If profit just equals interest, it is an unsafe position for the lender as well as for the company alsoas nothing will be left for shareholders. An interest coverage ratio of 6 or 7 times is considered appropriate. Higher turnover ratio indicates the better use of capital or resources and in turn lead to higher profitability.
It includes the following: It shows the speed with which the stock is rotated into sales or the number of times the stock is turned into sales during the year. The higher the ratio, the better it is, since it indicates that stock is selling quickly.
In a business where stock turnover ratio is high, goods can be sold at a low margin of profit and even than the profitability may be quit high. The higher the ratio, the better it is, since it indicates that amount from debtors is being collected more quickly.
The more quickly the debtors pay, the less the risk from bad- debts, and so the lower the expenses of collection and increase in the liquidity of the firm.Fixed income market: goverment, municipal, corporate bonds. Bond yields. Structured products offer investors the potential to earn returns that are tied to the performance of an index or basket of securities.
Those returns are generally paid at maturity, along with the return of the original investment. Structured products offer investors the potential to earn returns that are tied to the performance of an index or basket of securities.
Those returns are generally paid at maturity, along with the return of the original investment. In May, members of the Good Capital Project team traveled to Jordan on the invitation of the Jordan country team of the United Nations on a fact-finding mission to study at close quarters the SDG investment landscape of Jordan.

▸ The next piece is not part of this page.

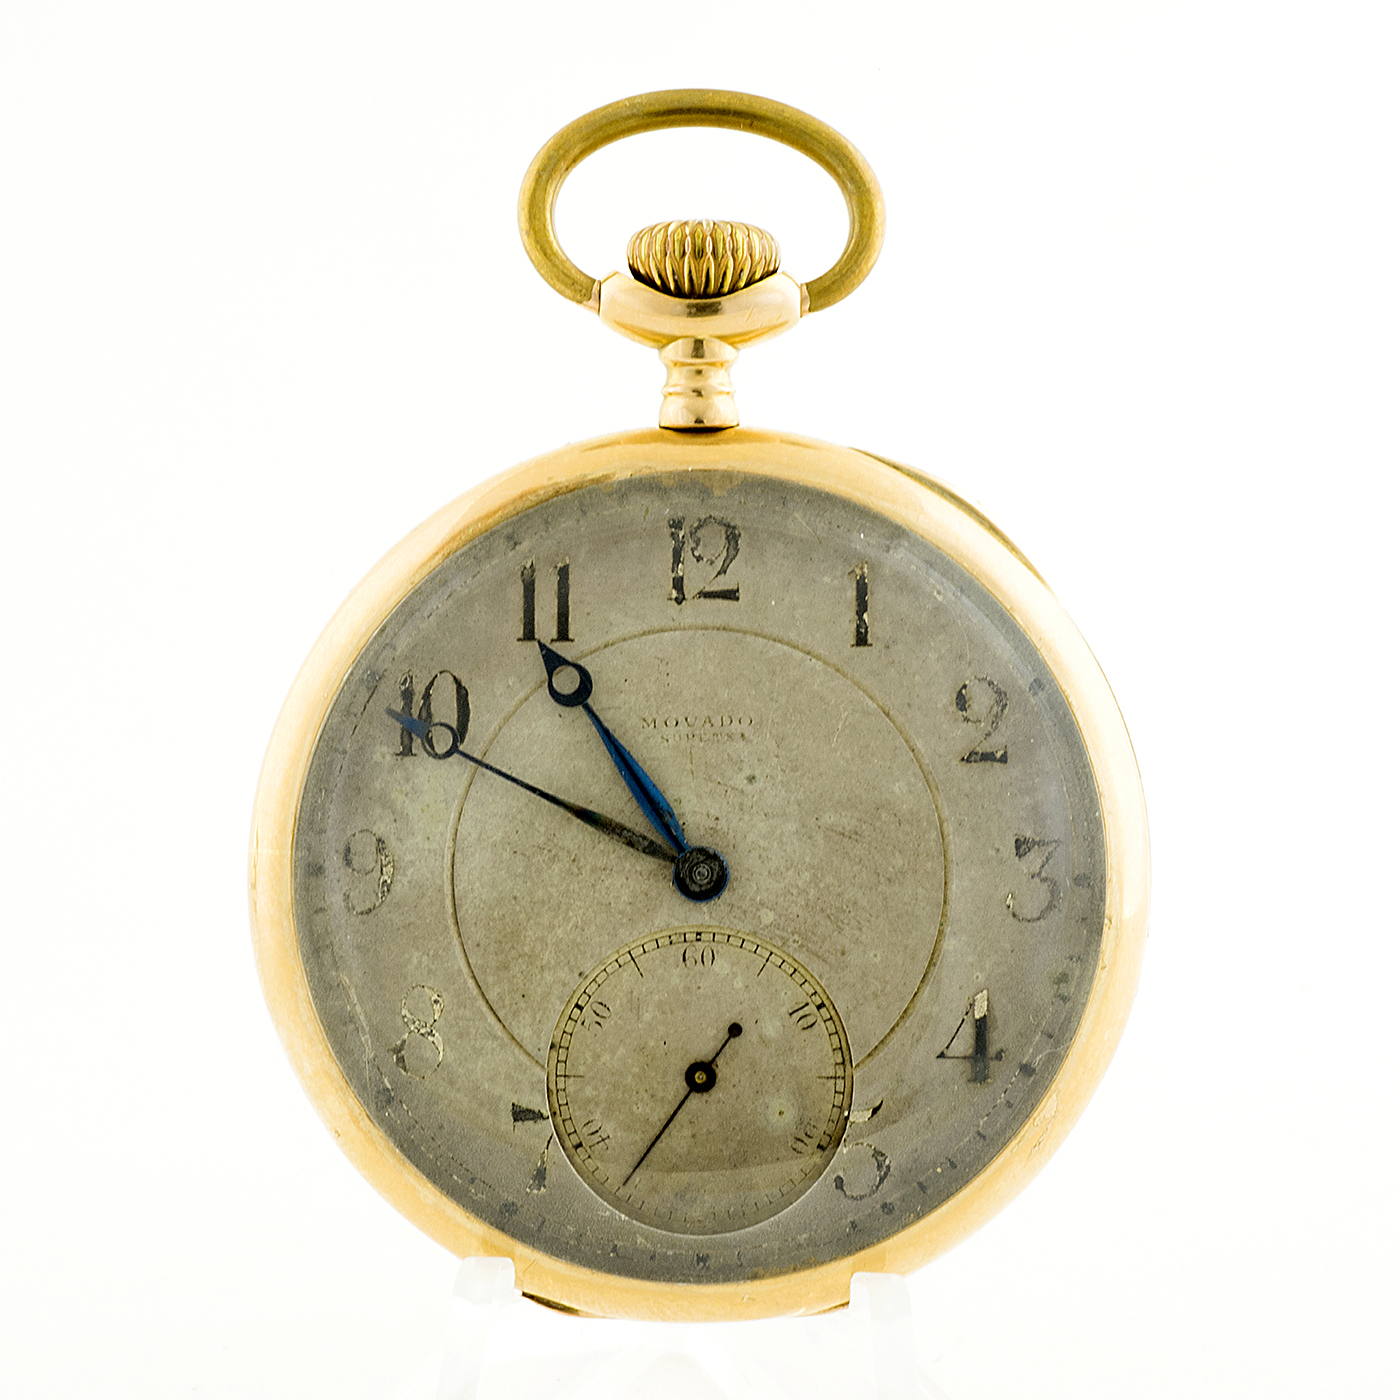 MOVED. Pocket watch for men, lepine and remontoir. Ca. 1890

Fixed income is a type of investment whose return is usually fixed or predictable and is paid at a regular frequency like annually, semi-annually, quarterly or monthly.
Along with equities, fixed. Hinari Core Offer includes two groups of countries, areas, or territories (Group A and Group B) Local, not-for-profit institutions in two groups of countries, areas, or territories may register for access to the publications through the Core Offer of Hinari.